Stratiform motion system, Hardware-in-the-Loop and other new features present drivers and engineers with more realism in automotive simulation.
Ansible Motion’s approach to virtual testing differs to that of other manufacturers of driving simulators. Starting with the premise that for a simulator to be an effective engineering tool, it must generate 100% driver mental engagement, it has focussed on stimulating the driver’s senses, in particular the vestibular system. “Only when a driver jumps out of a simulator, detailing the aerodynamic and suspension changes that need to be made have we done our job,” says Phil Morse, technical liaison, Ansible Motion. “From the outset, we understood that to achieve the highest level of mental engagement between the driver and the simulator, we had to create the machinery and systems to align with the expectations of the driver’s senses.”

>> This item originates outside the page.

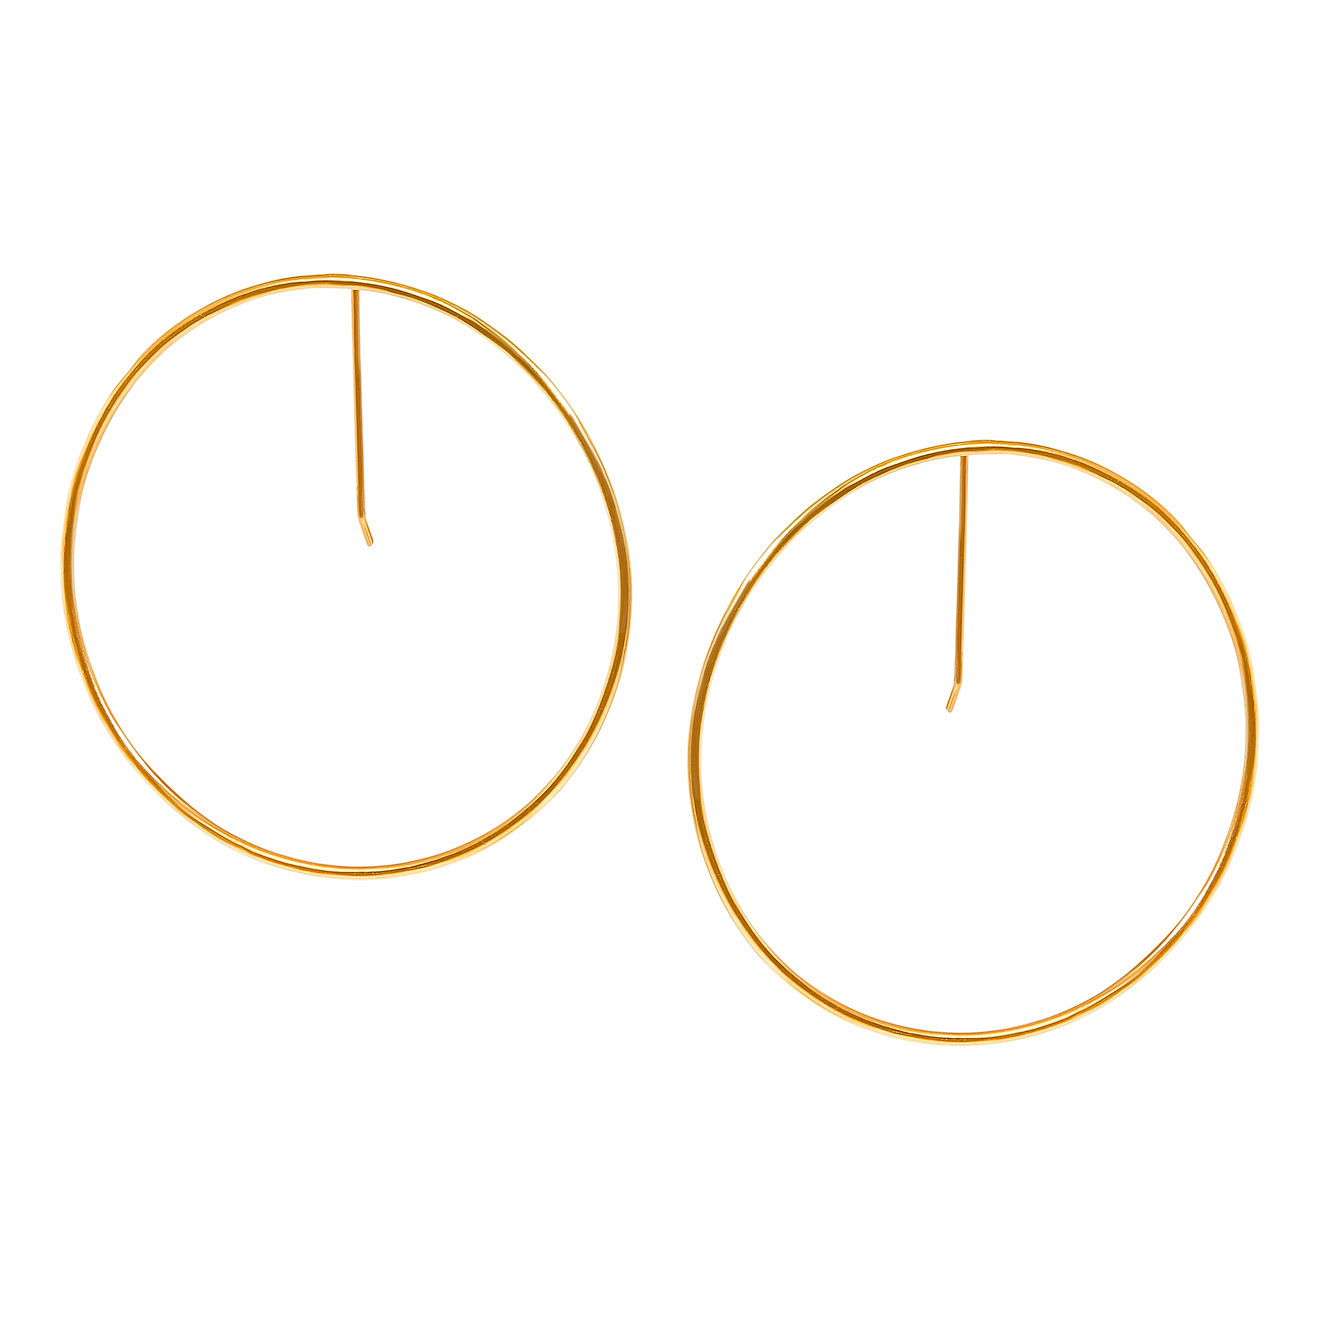 Khoshtrik Большие позолоченные серьги-круги khoshtrik плоские позолоченные серьги круги из серебра

By avoiding legacy hexapod architectures, a carry-over from the aircraft industry in the 1960s that some manufacturers are content to persist with, Ansible Motion believes its industry-unique stratiform motion system delivers a truly novel and compelling experience. With the basics clearly right, underlined by multiple clients in F1, NASCAR and numerous OEMs, its focus has turned to the supplementary cues that add an additional layer of realism that drivers are now appreciating.

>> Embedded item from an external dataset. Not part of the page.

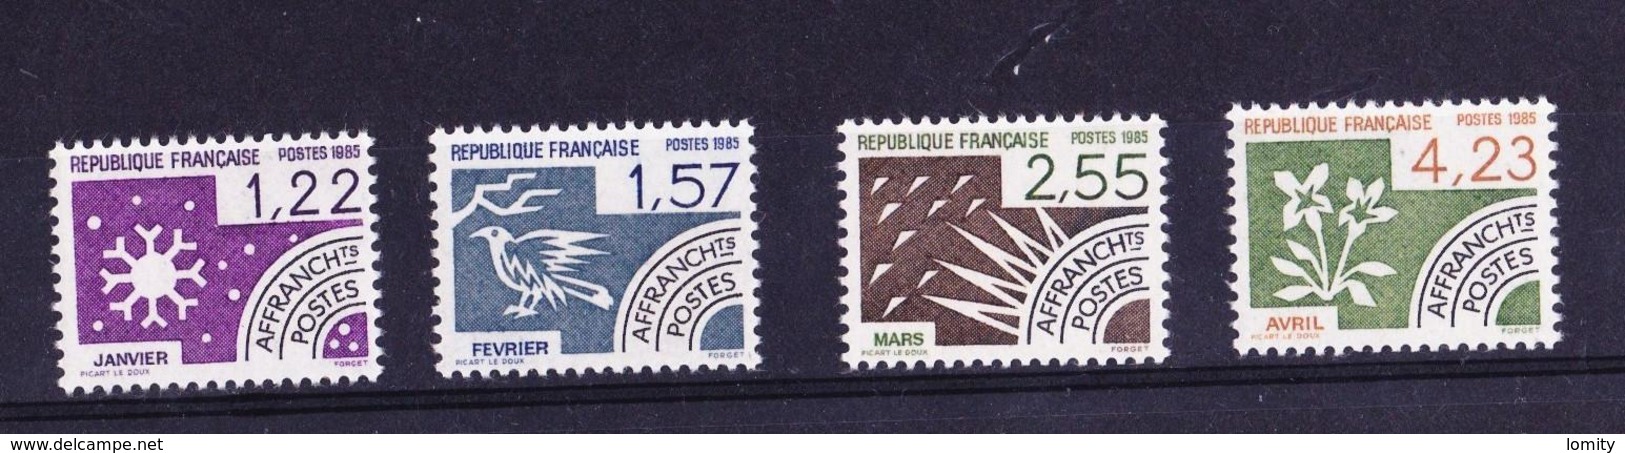 France Preo Preoblitété 1985 Serie Complète Neuve **  N° 186 à 189 Cote 6.50€ - 1989-2008

“The big cues such as motion and graphics are well understood but we found that using our R&D simulator in our quest to create the ultimate virtual driving experience, it was the small details that are now delivering the sense of realism craved by drivers and engineers alike,” suggests Morse.
From the more pertinent Helmet Loading System that Ansible Motion has started delivering to motorsport clients in the past year, the firm has recently introduced additional refinements with options such as rear-view emulators and deeper hardware-in-the-loop (HIL) integration for steering wheel functions.
“Offering rear view via wing mirrors or a centre mirror – a mainstay in OEM work – has unexpectedly delighted the racing and test drivers coming through our facility,” adds Morse. “For categories such as WEC or NASCAR where looking behind is as crucial as looking forward, we can now replicate the driver workload and total field of view. It’s another piece of the jigsaw to create a more realistic scenario of what happens on track.”
Professional drivers are impressed by what Ansible Motion is delivering. “Dean Stoneman commented that our Delta sim ‘coaxed’ him into behaving as if he were in a real car and he could study performance in the sim just as he would in the real car. We hope this means there’s real value to a session,” says Morse.
In addition to the rear-view emulation, Ansible Motion has been developing accurate simulator connectivity for the increasingly complex steering wheels used nowadays. “Engineers like not only being able to replicate the functions found in the real car, often integrating hardware to give representative results for features such as traction control, virtual safety car or battery management but also to monitor how the driver copes and what can be done within the rules to optimise this,” adds Morse. “In Formula E, for example, it can make a big difference to performance and we can help teams determine this in the most realistic way, short of on-track testing.”
“It’s clear from driving the simulator that the engineers at Ansible Motion truly understand the issues faced in simulation,” adds FIA F3 front runner Callum Ilott. “Drawing on their experience has helped them to create something very different from a normal simulator.”